[Opening SOURCE MATERIAL section]

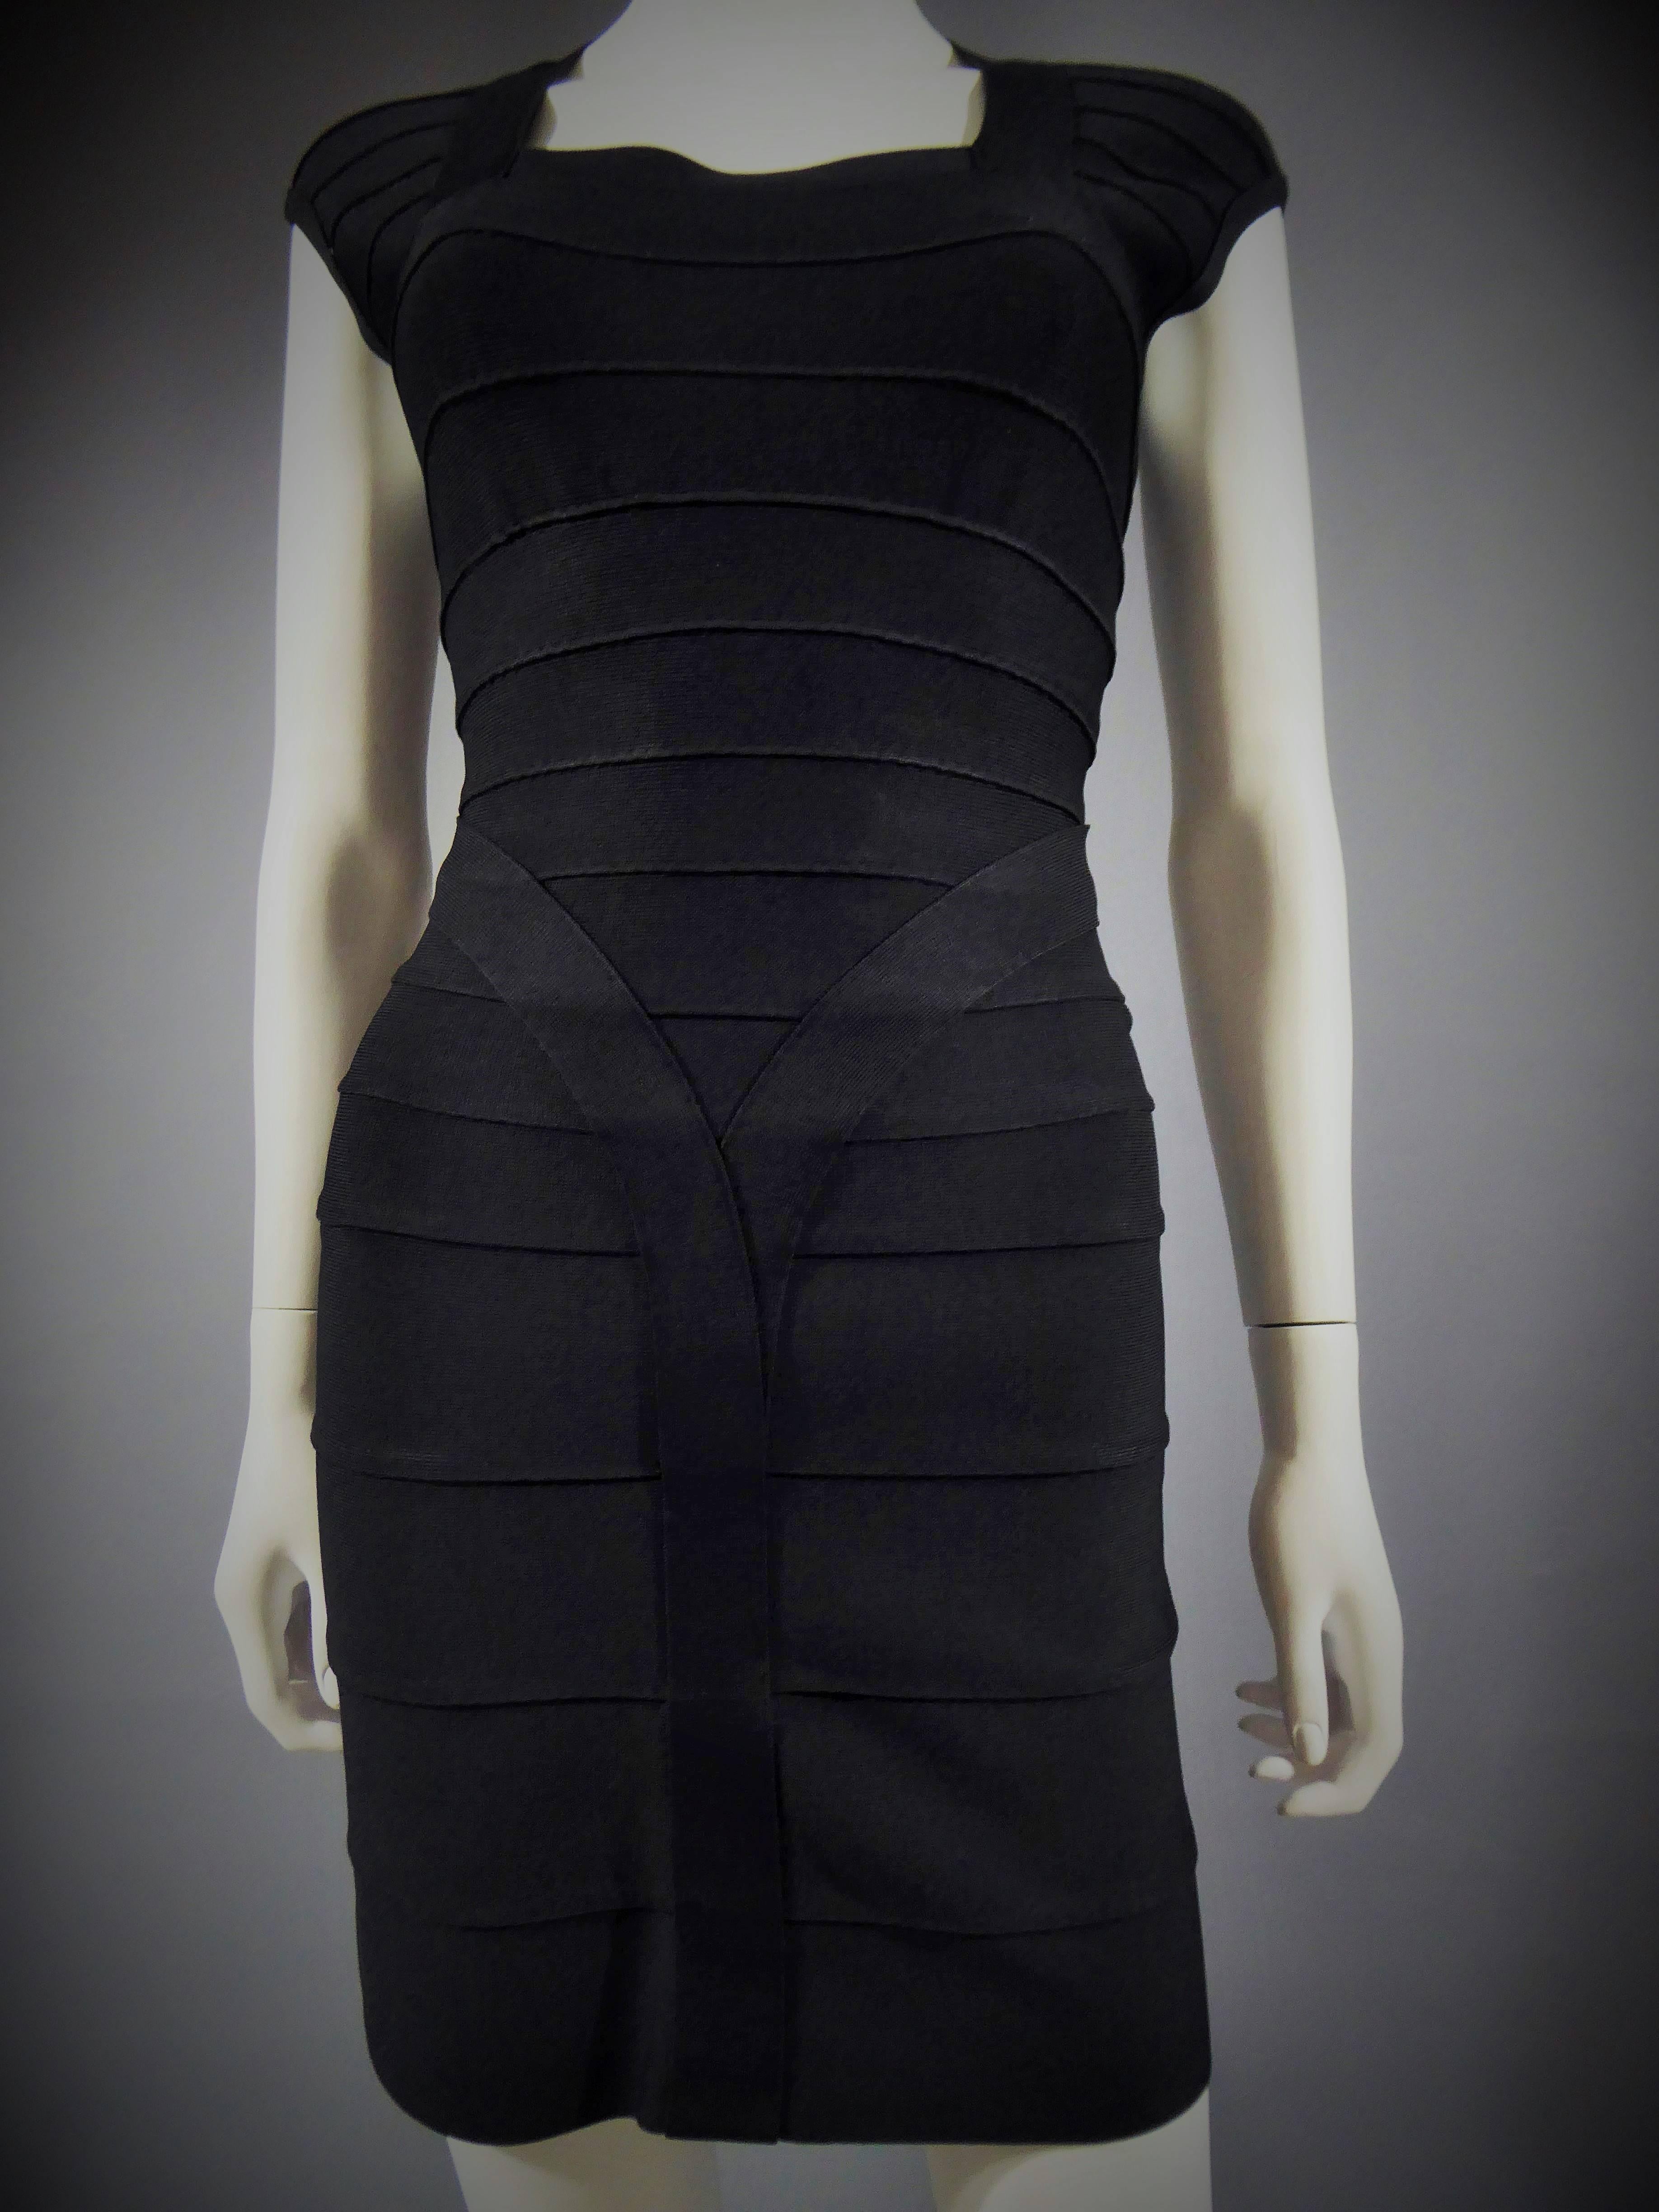 Circa 1995

France

Mini robe noire Hervé Léger. Robe bodycon à manches courtes réalisée à partir d'un assemblage de bandes de tissu extensible couramment utilisées dans le domaine de la lingerie. Col carré, taille marquée. Très bon état. Taille 36
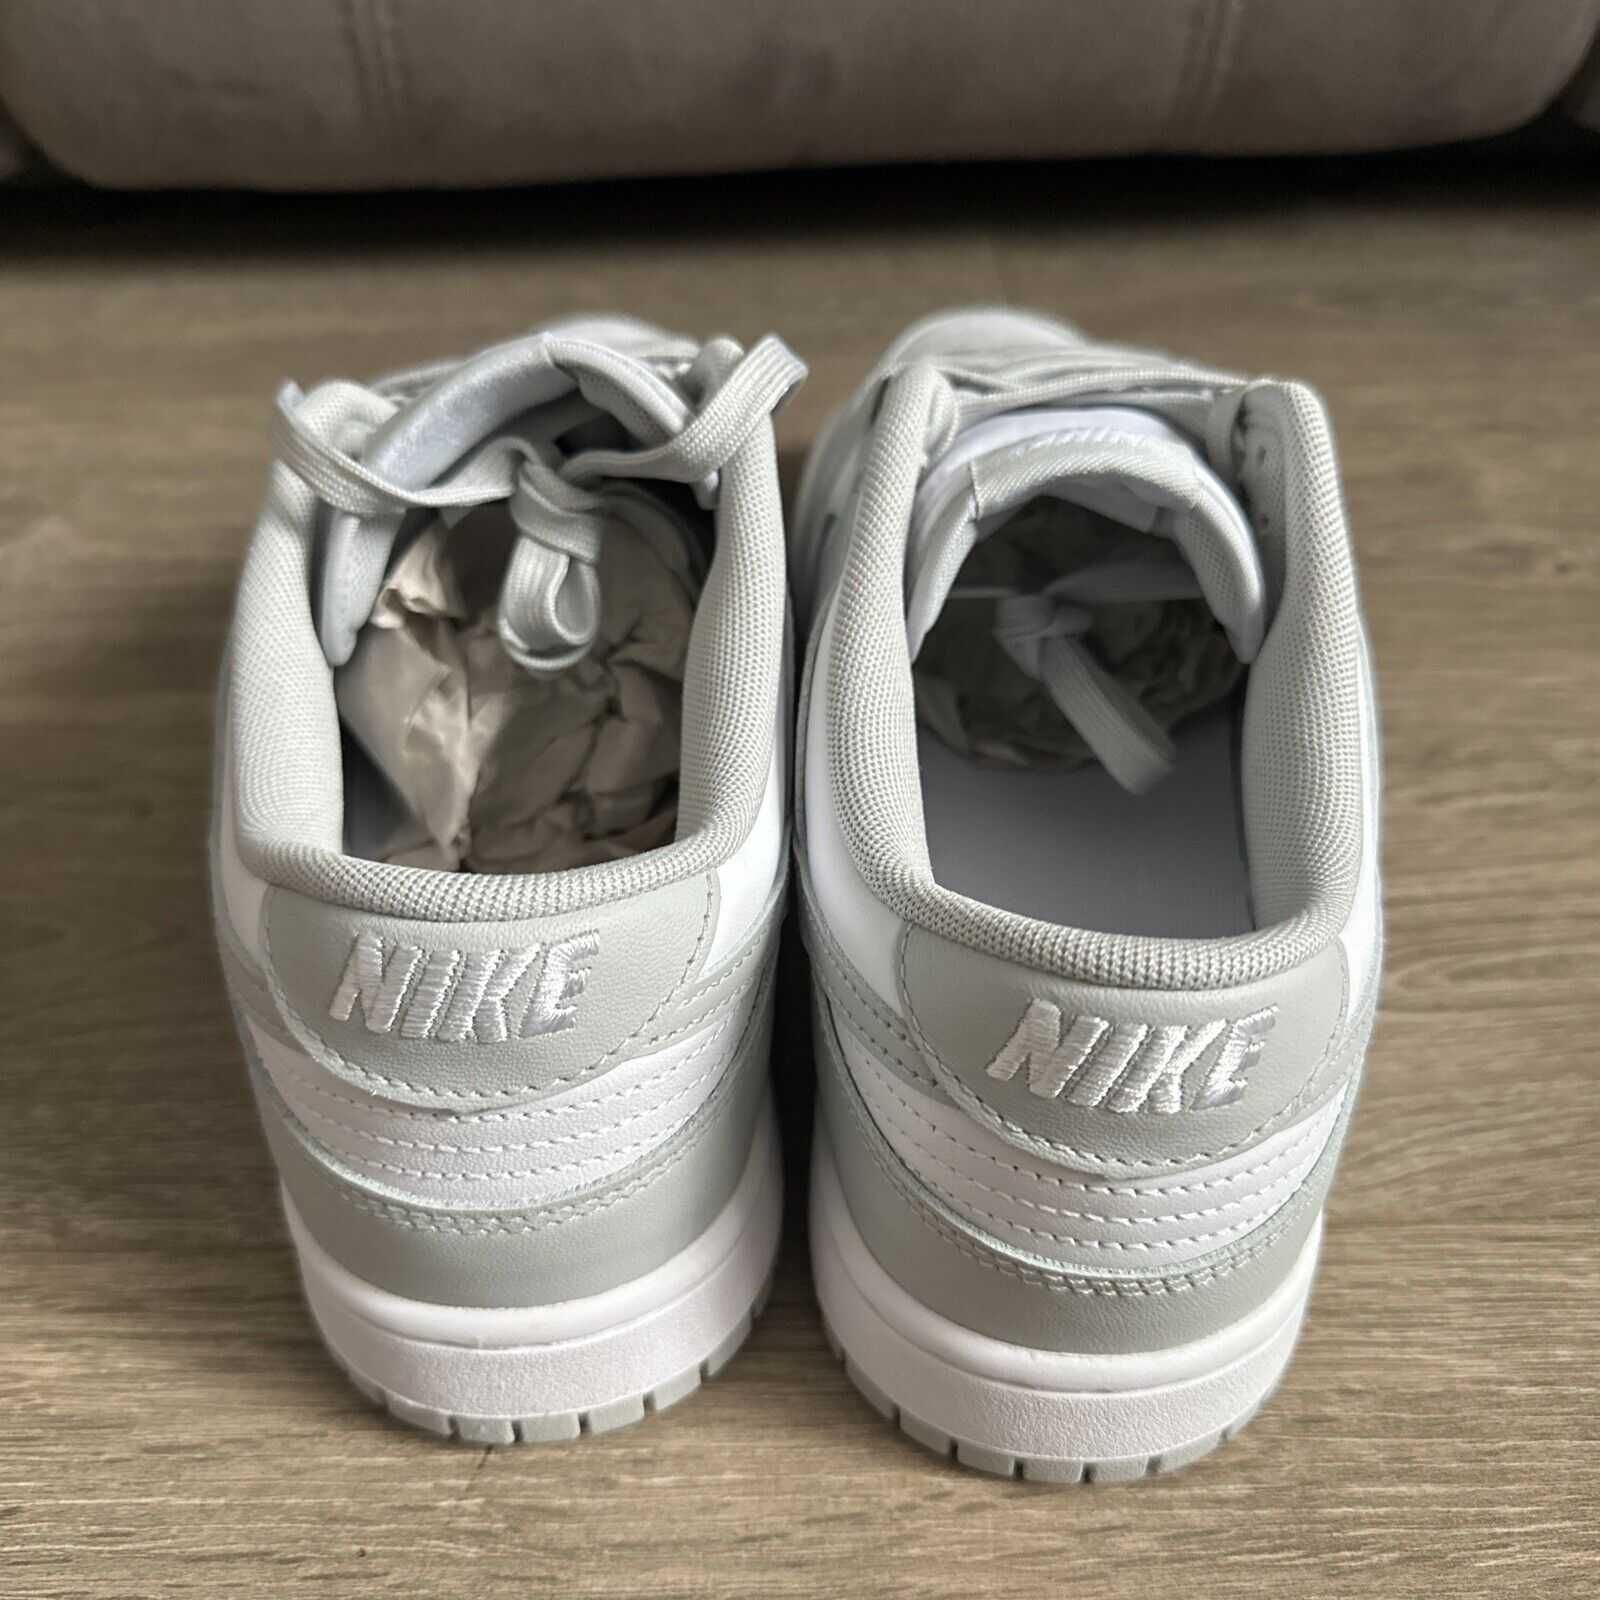 Adidasi-Sneakers Nike Air Dunk Grey Fog -STOC NOU

[Closing SOURCE MATERIAL section]

Give the data above back unchanged, except for the pictures.

WRITTEN RESPONSE:
 Circa 1995

France

Mini robe noire Hervé Léger. Robe bodycon à manches courtes réalisée à partir d'un assemblage de bandes de tissu extensible couramment utilisées dans le domaine de la lingerie. Col carré, taille marquée. Très bon état. Taille 36
 Adidasi-Sneakers Nike Air Dunk Grey Fog -STOC NOU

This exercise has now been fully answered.